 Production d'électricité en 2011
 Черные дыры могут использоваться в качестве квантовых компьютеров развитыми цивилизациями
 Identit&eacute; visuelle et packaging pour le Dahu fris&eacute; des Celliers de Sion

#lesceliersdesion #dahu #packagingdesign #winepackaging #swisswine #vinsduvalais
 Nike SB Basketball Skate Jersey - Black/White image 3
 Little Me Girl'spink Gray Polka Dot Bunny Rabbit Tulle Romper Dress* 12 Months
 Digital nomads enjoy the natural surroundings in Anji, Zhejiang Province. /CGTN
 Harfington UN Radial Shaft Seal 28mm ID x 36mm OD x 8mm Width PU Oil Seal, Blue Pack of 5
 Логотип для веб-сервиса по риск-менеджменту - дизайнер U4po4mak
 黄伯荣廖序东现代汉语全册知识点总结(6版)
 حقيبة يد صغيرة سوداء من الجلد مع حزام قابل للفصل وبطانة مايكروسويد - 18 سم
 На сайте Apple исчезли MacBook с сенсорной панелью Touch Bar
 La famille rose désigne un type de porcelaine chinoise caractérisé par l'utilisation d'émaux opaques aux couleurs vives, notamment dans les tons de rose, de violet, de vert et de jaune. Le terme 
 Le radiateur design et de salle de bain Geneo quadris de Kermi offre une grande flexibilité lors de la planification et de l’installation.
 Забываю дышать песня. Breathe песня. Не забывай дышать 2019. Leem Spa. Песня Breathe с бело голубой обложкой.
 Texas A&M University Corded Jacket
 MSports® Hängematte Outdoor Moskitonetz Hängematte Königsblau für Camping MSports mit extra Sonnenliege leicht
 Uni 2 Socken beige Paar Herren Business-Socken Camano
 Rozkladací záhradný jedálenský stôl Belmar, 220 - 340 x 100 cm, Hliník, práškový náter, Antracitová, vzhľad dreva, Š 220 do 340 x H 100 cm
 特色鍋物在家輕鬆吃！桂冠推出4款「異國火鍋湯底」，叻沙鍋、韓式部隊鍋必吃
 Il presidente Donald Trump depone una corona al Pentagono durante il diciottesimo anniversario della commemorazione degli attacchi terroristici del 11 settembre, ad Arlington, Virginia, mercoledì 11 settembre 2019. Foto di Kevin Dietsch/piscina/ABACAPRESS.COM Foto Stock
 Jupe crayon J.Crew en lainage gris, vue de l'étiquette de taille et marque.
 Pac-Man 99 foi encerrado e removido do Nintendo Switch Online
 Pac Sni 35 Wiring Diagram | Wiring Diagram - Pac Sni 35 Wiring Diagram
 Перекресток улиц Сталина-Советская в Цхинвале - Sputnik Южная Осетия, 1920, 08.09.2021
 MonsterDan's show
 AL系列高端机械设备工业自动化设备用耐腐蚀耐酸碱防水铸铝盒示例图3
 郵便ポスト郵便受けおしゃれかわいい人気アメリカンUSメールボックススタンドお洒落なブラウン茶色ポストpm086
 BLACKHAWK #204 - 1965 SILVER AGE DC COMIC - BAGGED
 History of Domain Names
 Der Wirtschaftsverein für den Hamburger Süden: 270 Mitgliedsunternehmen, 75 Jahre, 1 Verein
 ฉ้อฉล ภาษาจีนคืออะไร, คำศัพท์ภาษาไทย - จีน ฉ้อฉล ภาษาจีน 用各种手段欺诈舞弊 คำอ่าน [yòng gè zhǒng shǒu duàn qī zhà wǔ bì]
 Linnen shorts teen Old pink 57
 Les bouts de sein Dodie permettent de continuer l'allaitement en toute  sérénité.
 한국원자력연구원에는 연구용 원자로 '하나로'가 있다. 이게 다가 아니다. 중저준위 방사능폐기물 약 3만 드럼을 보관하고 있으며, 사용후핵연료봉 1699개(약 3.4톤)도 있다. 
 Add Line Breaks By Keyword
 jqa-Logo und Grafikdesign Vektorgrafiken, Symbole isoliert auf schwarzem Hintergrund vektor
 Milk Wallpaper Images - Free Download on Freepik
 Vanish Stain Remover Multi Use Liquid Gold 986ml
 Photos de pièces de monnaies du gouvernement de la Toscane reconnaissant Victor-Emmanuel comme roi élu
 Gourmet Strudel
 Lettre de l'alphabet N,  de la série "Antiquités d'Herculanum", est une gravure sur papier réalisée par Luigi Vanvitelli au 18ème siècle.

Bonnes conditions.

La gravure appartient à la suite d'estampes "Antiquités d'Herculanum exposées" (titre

####################

Exercise aim:
Please output the lines of the listing above that fall in the stretch from the one with "На сайте Apple" through the one with "Milk Wallpaper Images", exactly and only those.

Output of the task:
 На сайте Apple исчезли MacBook с сенсорной панелью Touch Bar
 La famille rose désigne un type de porcelaine chinoise caractérisé par l'utilisation d'émaux opaques aux couleurs vives, notamment dans les tons de rose, de violet, de vert et de jaune. Le terme 
 Le radiateur design et de salle de bain Geneo quadris de Kermi offre une grande flexibilité lors de la planification et de l’installation.
 Забываю дышать песня. Breathe песня. Не забывай дышать 2019. Leem Spa. Песня Breathe с бело голубой обложкой.
 Texas A&M University Corded Jacket
 MSports® Hängematte Outdoor Moskitonetz Hängematte Königsblau für Camping MSports mit extra Sonnenliege leicht
 Uni 2 Socken beige Paar Herren Business-Socken Camano
 Rozkladací záhradný jedálenský stôl Belmar, 220 - 340 x 100 cm, Hliník, práškový náter, Antracitová, vzhľad dreva, Š 220 do 340 x H 100 cm
 特色鍋物在家輕鬆吃！桂冠推出4款「異國火鍋湯底」，叻沙鍋、韓式部隊鍋必吃
 Il presidente Donald Trump depone una corona al Pentagono durante il diciottesimo anniversario della commemorazione degli attacchi terroristici del 11 settembre, ad Arlington, Virginia, mercoledì 11 settembre 2019. Foto di Kevin Dietsch/piscina/ABACAPRESS.COM Foto Stock
 Jupe crayon J.Crew en lainage gris, vue de l'étiquette de taille et marque.
 Pac-Man 99 foi encerrado e removido do Nintendo Switch Online
 Pac Sni 35 Wiring Diagram | Wiring Diagram - Pac Sni 35 Wiring Diagram
 Перекресток улиц Сталина-Советская в Цхинвале - Sputnik Южная Осетия, 1920, 08.09.2021
 MonsterDan's show
 AL系列高端机械设备工业自动化设备用耐腐蚀耐酸碱防水铸铝盒示例图3
 郵便ポスト郵便受けおしゃれかわいい人気アメリカンUSメールボックススタンドお洒落なブラウン茶色ポストpm086
 BLACKHAWK #204 - 1965 SILVER AGE DC COMIC - BAGGED
 History of Domain Names
 Der Wirtschaftsverein für den Hamburger Süden: 270 Mitgliedsunternehmen, 75 Jahre, 1 Verein
 ฉ้อฉล ภาษาจีนคืออะไร, คำศัพท์ภาษาไทย - จีน ฉ้อฉล ภาษาจีน 用各种手段欺诈舞弊 คำอ่าน [yòng gè zhǒng shǒu duàn qī zhà wǔ bì]
 Linnen shorts teen Old pink 57
 Les bouts de sein Dodie permettent de continuer l'allaitement en toute  sérénité.
 한국원자력연구원에는 연구용 원자로 '하나로'가 있다. 이게 다가 아니다. 중저준위 방사능폐기물 약 3만 드럼을 보관하고 있으며, 사용후핵연료봉 1699개(약 3.4톤)도 있다. 
 Add Line Breaks By Keyword
 jqa-Logo und Grafikdesign Vektorgrafiken, Symbole isoliert auf schwarzem Hintergrund vektor
 Milk Wallpaper Images - Free Download on Freepik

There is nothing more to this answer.